Unnamed: 0,Similarity,text1,text2,apnews-doc2vec,enwiki-doc2vec,spacy_model,sent2vec-wiki,sent2vec-book
0,aquaman film,"In 1912, a teenage boy named Albert Narracott ...","In 1912, a teenage boy named Jeremy Irvine fro...",0.750486,0.787303,0.998505,0.891484,0.883031
1,Book,Winter is coming. Such is the stern motto of H...,winter is here. This is the grim motto of Hous...,0.685813,0.693092,0.989655,0.901795,0.929474
2,news healthy,Most US adults have not gotten a flu shot this...,According to a new survey by the University of...,0.746555,0.818245,0.99505,0.798488,0.774948


In [43]:
length = len(large_data)
doc_news_similarity_matrix = np.zeros([length,length])
for i in range(length):
    for j in range(length):
        doc_news_similarity_matrix[i][j] = Similarity(large_data['text1'][i],large_data['text1'][j],'doc2vec-news')
doc_news_similarity_matrix

array([[0.9938013 , 0.09592321, 0.06730756],
       [0.09503138, 0.99717194, 0.17279464],
       [0.06566888, 0.16566174, 0.99778038]])

In [45]:
length = len(large_data)
doc_wiki_similarity_matrix = np.zeros([length,length])
for i in range(length):
    for j in range(length):
        doc_wiki_similarity_matrix[i][j] = Similarity(large_data['text1'][i],large_data['text1'][j],'doc2vec-wiki')
doc_wiki_similarity_matrix

array([[0.99862653, 0.25673881, 0.19791135],
       [0.25330362, 0.99781716, 0.19183794],
       [0.19752719, 0.19131333, 0.99852228]])

In [46]:
length = len(large_data)
Spacy_similarity_matrix = np.zeros([length,length])
for i in range(length):
    for j in range(length):
        Spacy_similarity_matrix[i][j] = Similarity(large_data['text1'][i],large_data['text1'][j],'spacy')
Spacy_similarity_matrix

array([[1.        , 0.88152868, 0.79017919],
       [0.88152868, 1.        , 0.70845801],
       [0.79017919, 0.70845801, 1.        ]])

In [47]:
length = len(large_data)
sent2vec_book_similarity_matrix = np.zeros([length,length])
for i in range(length):
    for j in range(length):
        sent2vec_book_similarity_matrix[i][j] = Similarity(large_data['text1'][i],large_data['text1'][j],'sent2vec-book')
sent2vec_book_similarity_matrix

array([[1.        , 0.5105859 , 0.32040313],
       [0.5105859 , 1.        , 0.29384309],
       [0.32040313, 0.29384309, 1.        ]])

In [48]:
length = len(large_data)
sent2vec_wiki_similarity_matrix = np.zeros([length,length])
for i in range(length):
    for j in range(length):
        sent2vec_wiki_similarity_matrix[i][j] = Similarity(large_data['text1'][i],large_data['text1'][j],'sent2vec-wiki')
sent2vec_wiki_similarity_matrix

array([[1.        , 0.51544517, 0.32921278],
       [0.51544517, 1.        , 0.27732709],
       [0.32921278, 0.27732709, 1.        ]])

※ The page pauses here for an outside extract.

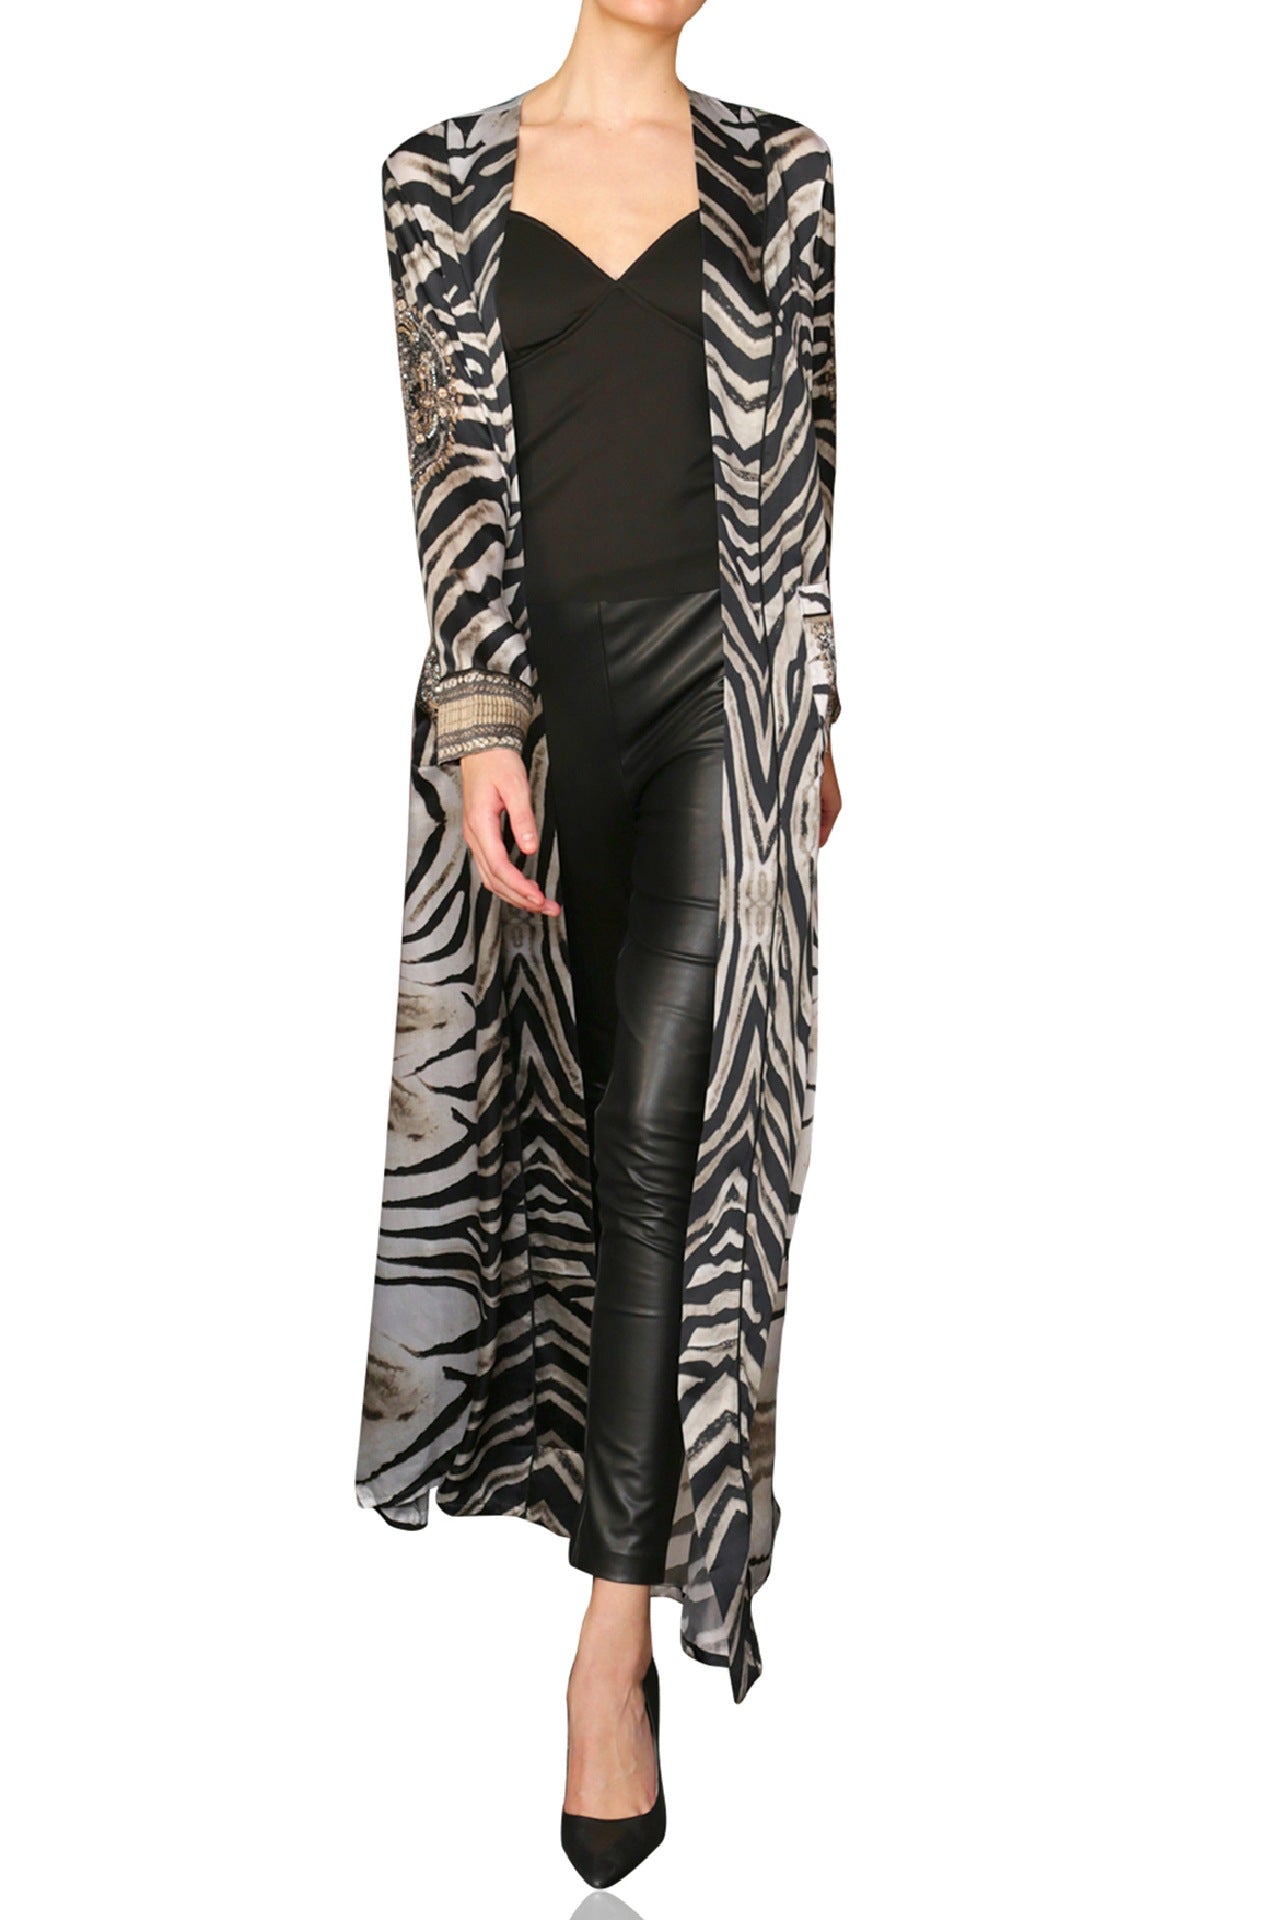 "zebra print robes" "robe dress silk," "Kyle X Shahida" "kimono print"

# Conclusion for document(large length)
1. As we can see results of similarity between totally different texts, the results are quilt similar with mid length.  `spacy` model did the worst performance since it has high similarity value. additionly, `doc2vec` has a very well performance when the text are large!

# Final decision
I prefer to use `sent2vec` model in our project since it works well in short and mid length situation. Also, we usually have short and totally different texts in our project and `sent2vec` model is the most suitable model among three models.